> _Your task_: Only the lines from the one containing "pomegranate-flower-fruit-green-leaves-nature" to the end of the data below belong in the answer, each repeated exactly; no pictures.

> _Supplied data_:

* * * * * * * * *

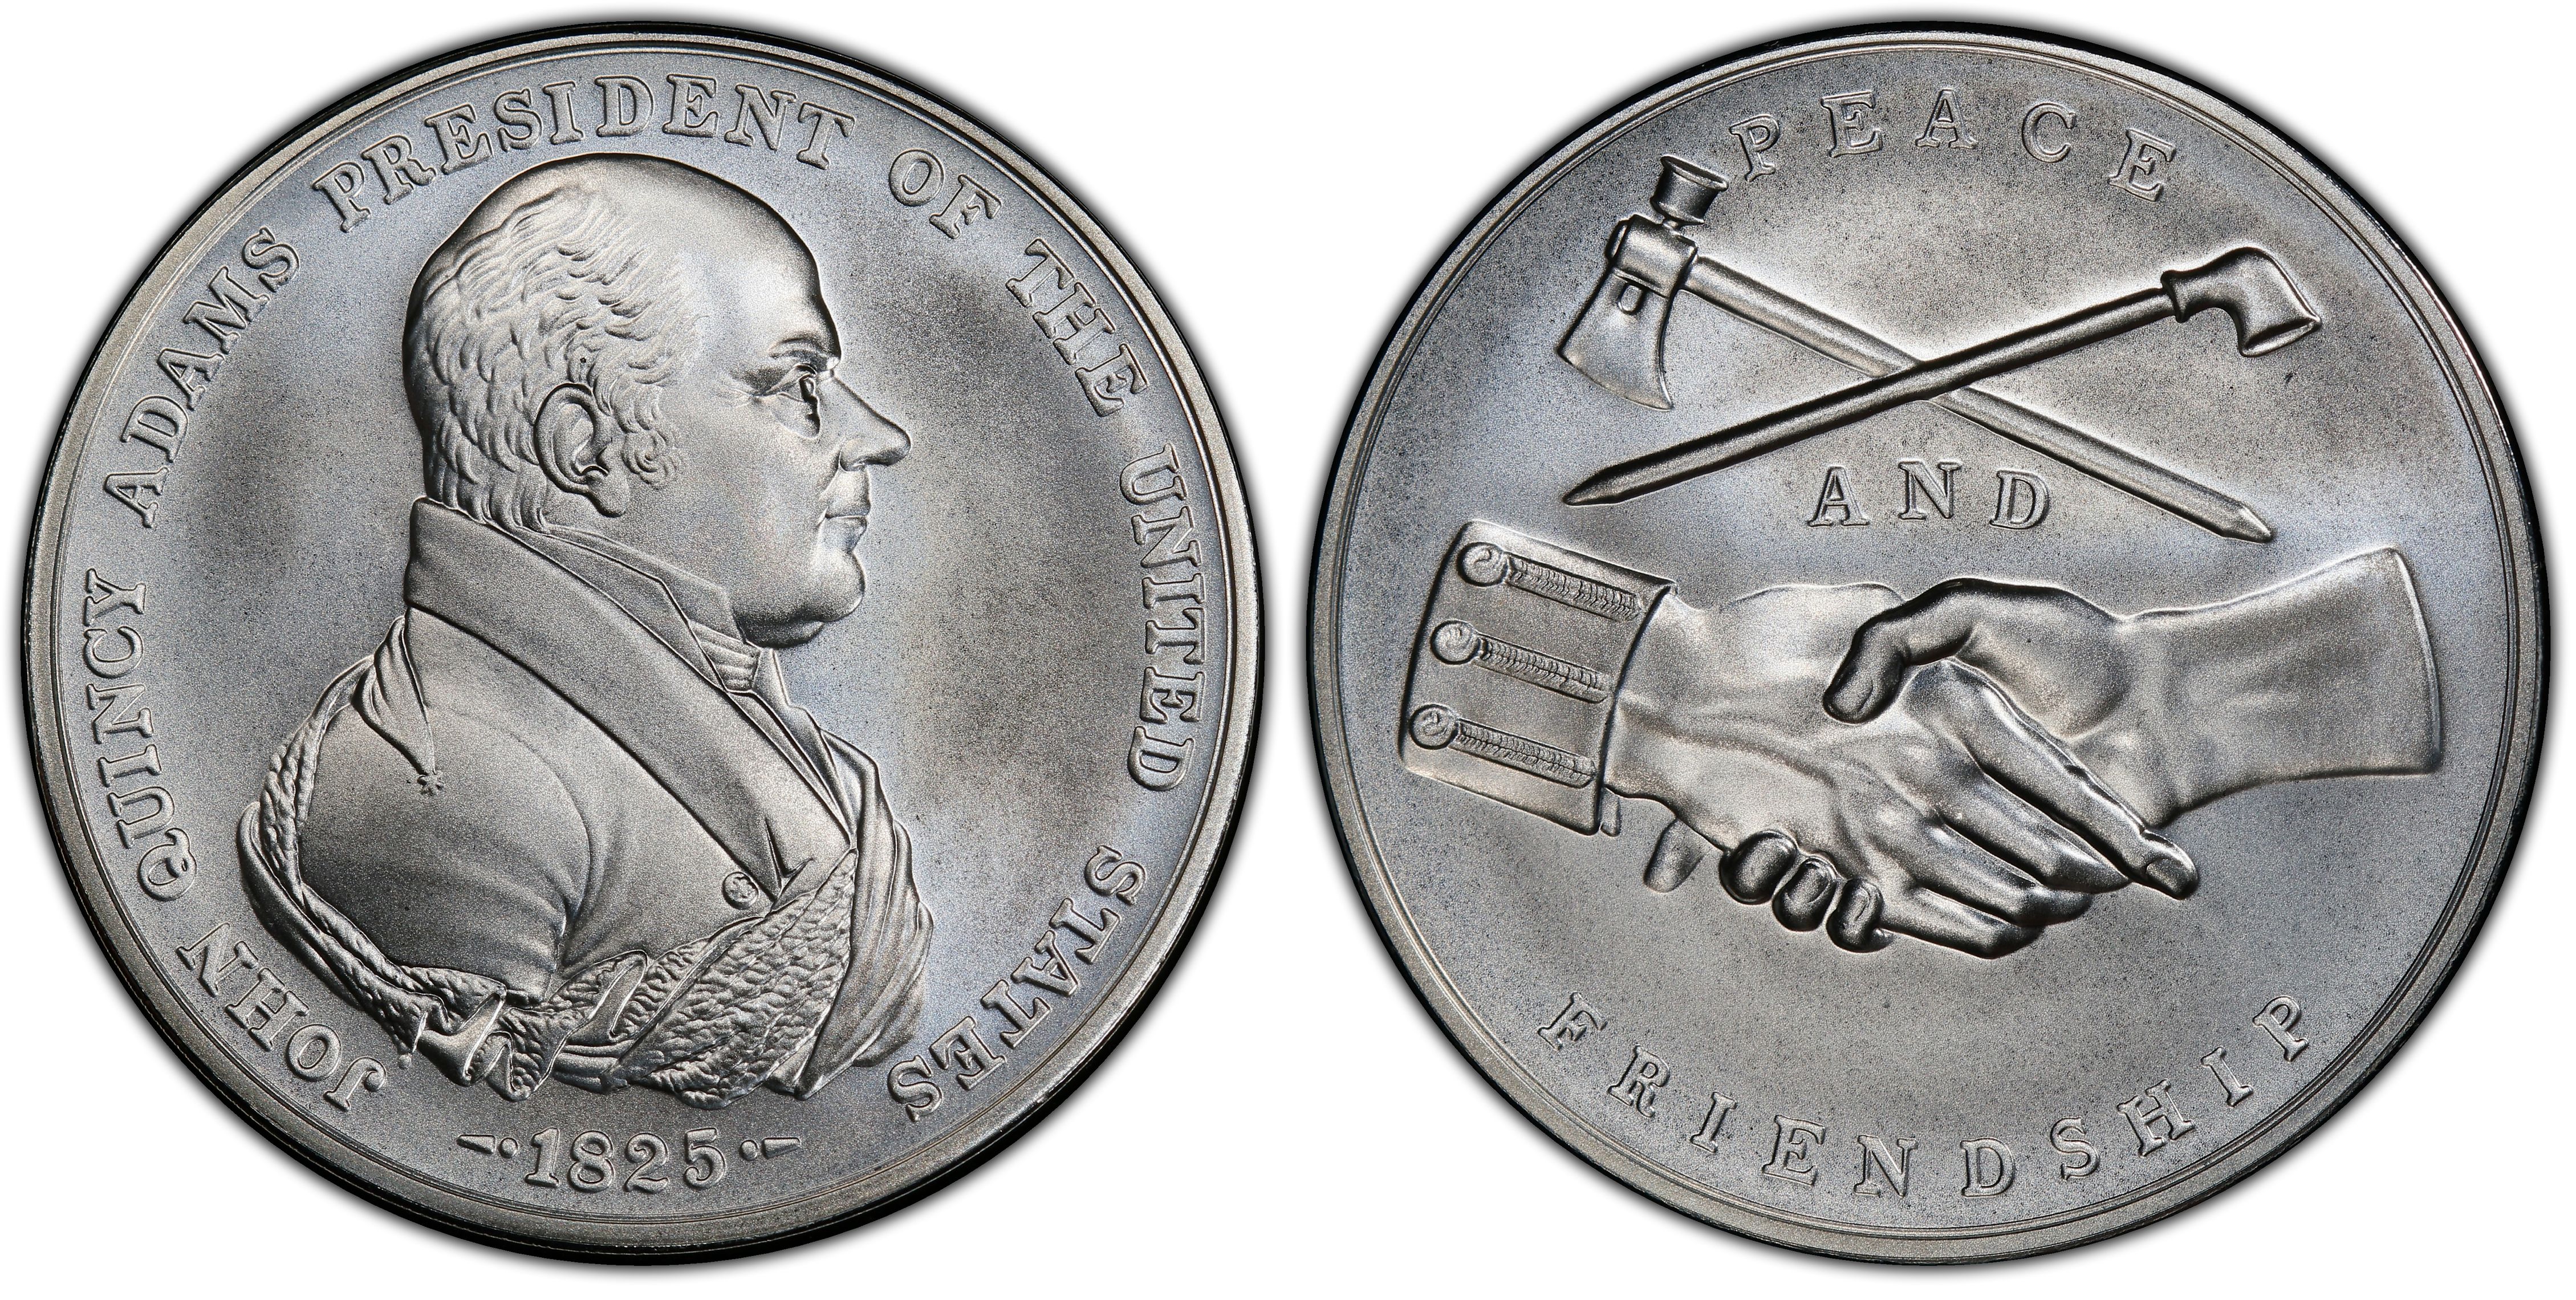 alba quincy silver coin
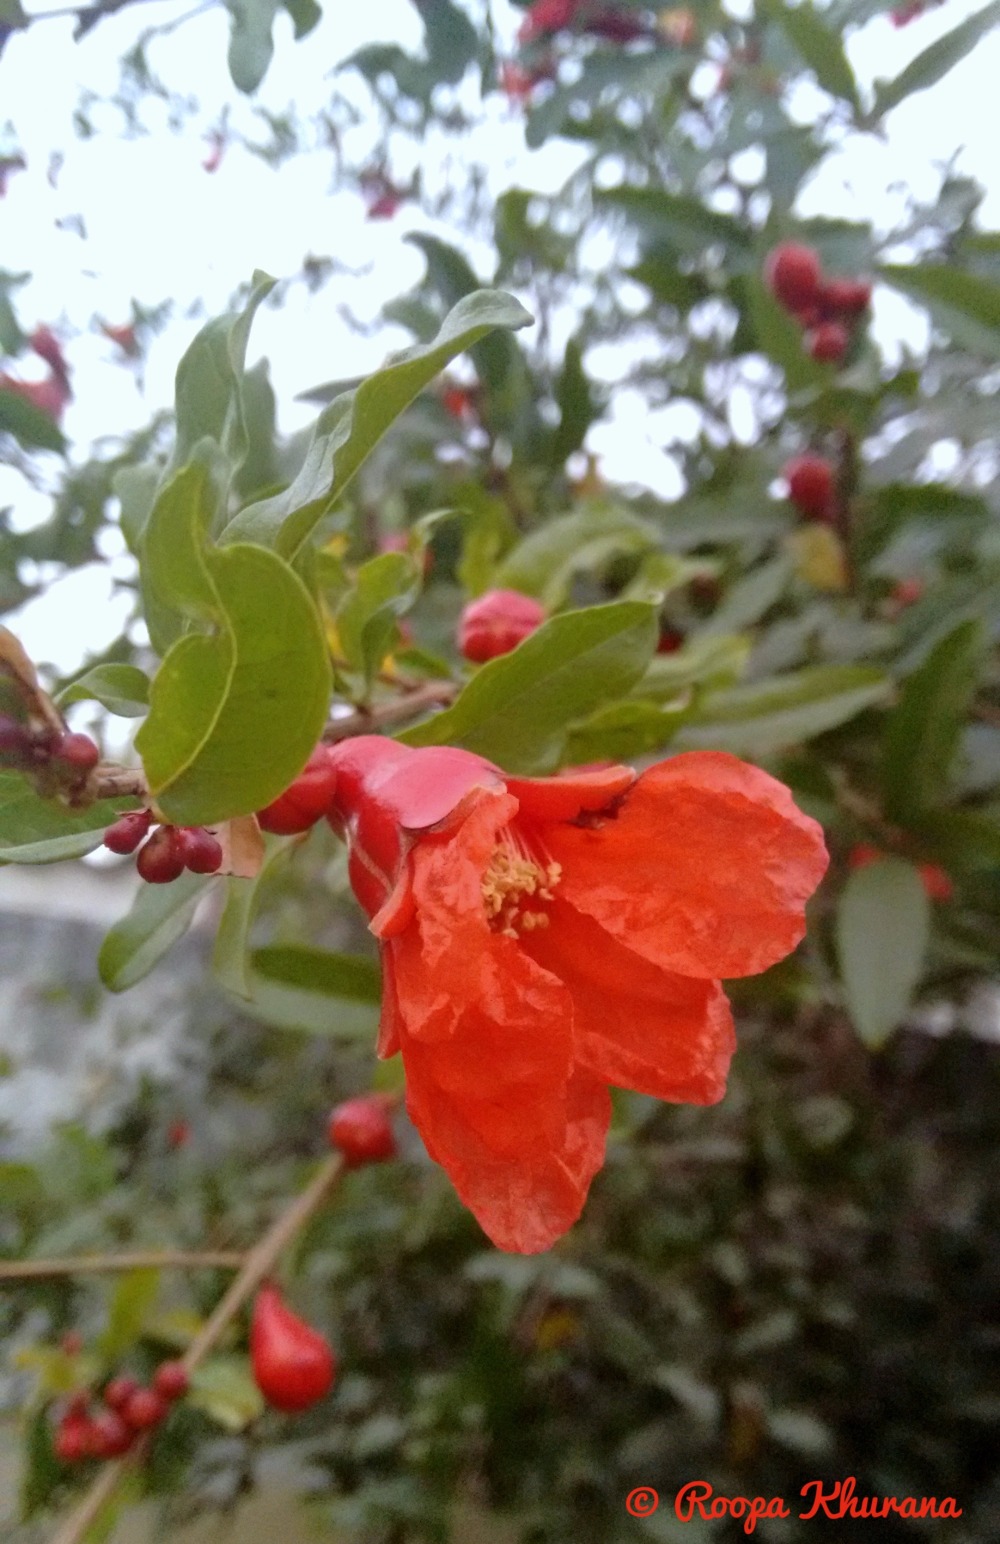 pomegranate-flower-fruit-green-leaves-nature
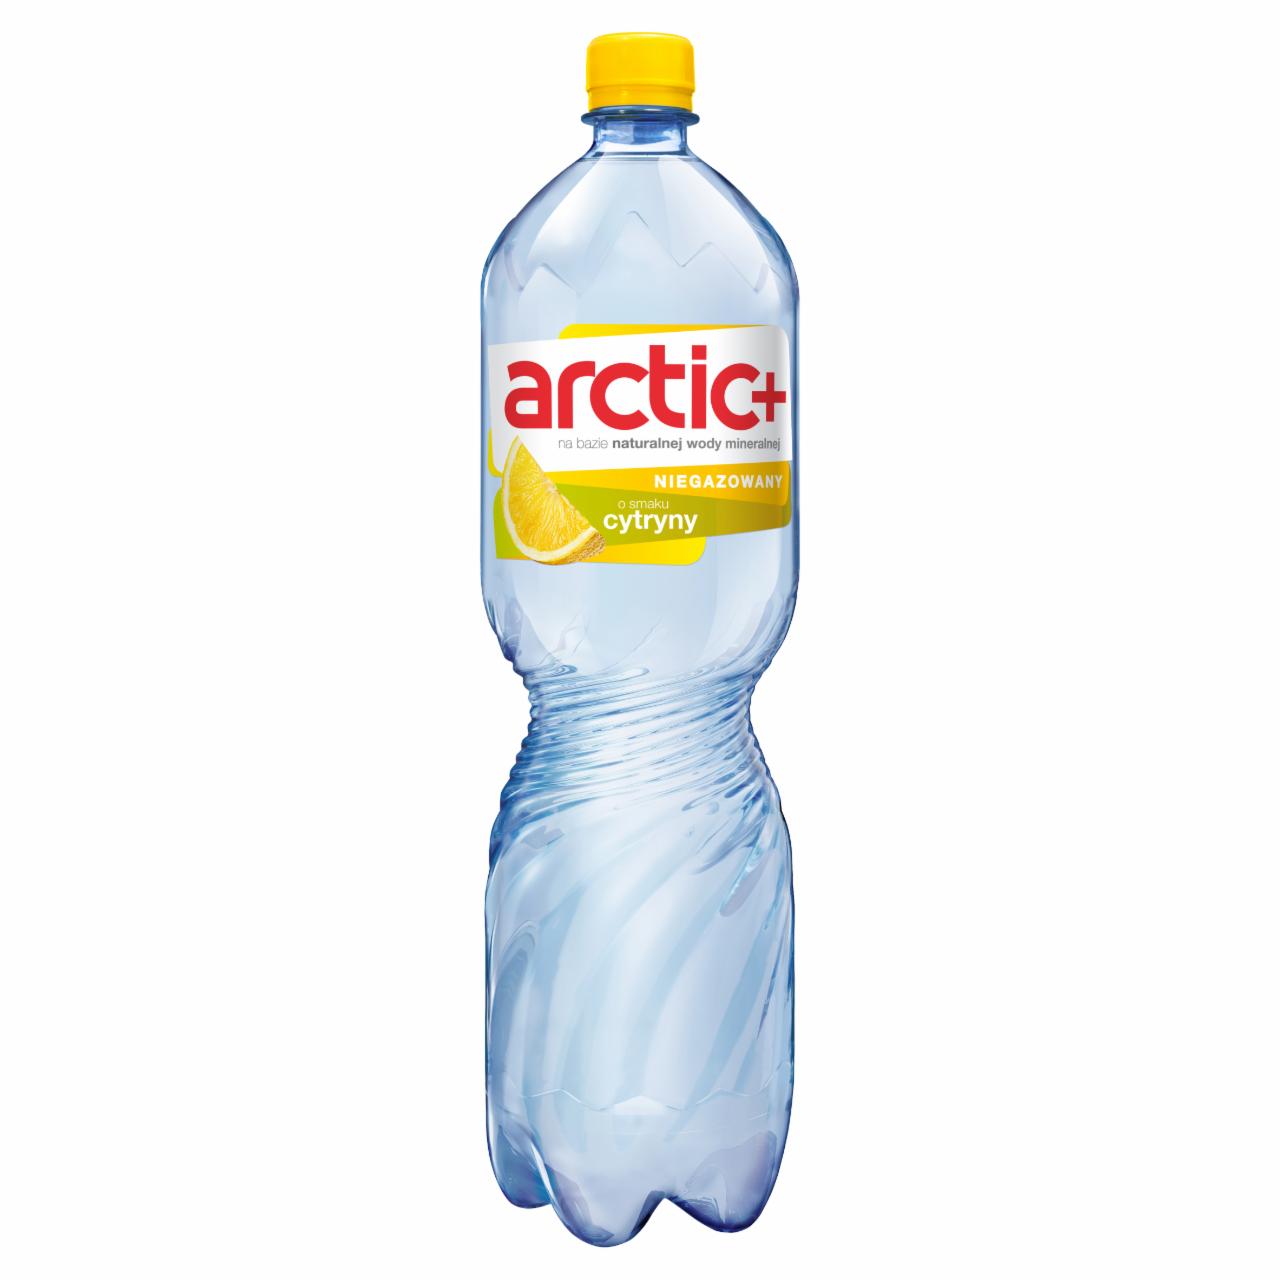 Zdjęcia - Arctic Plus Napój niegazowany o smaku cytryny 1,5 l

* * * * * * * * *

> _Response area_:
 pomegranate-flower-fruit-green-leaves-nature
 Zdjęcia - Arctic Plus Napój niegazowany o smaku cytryny 1,5 l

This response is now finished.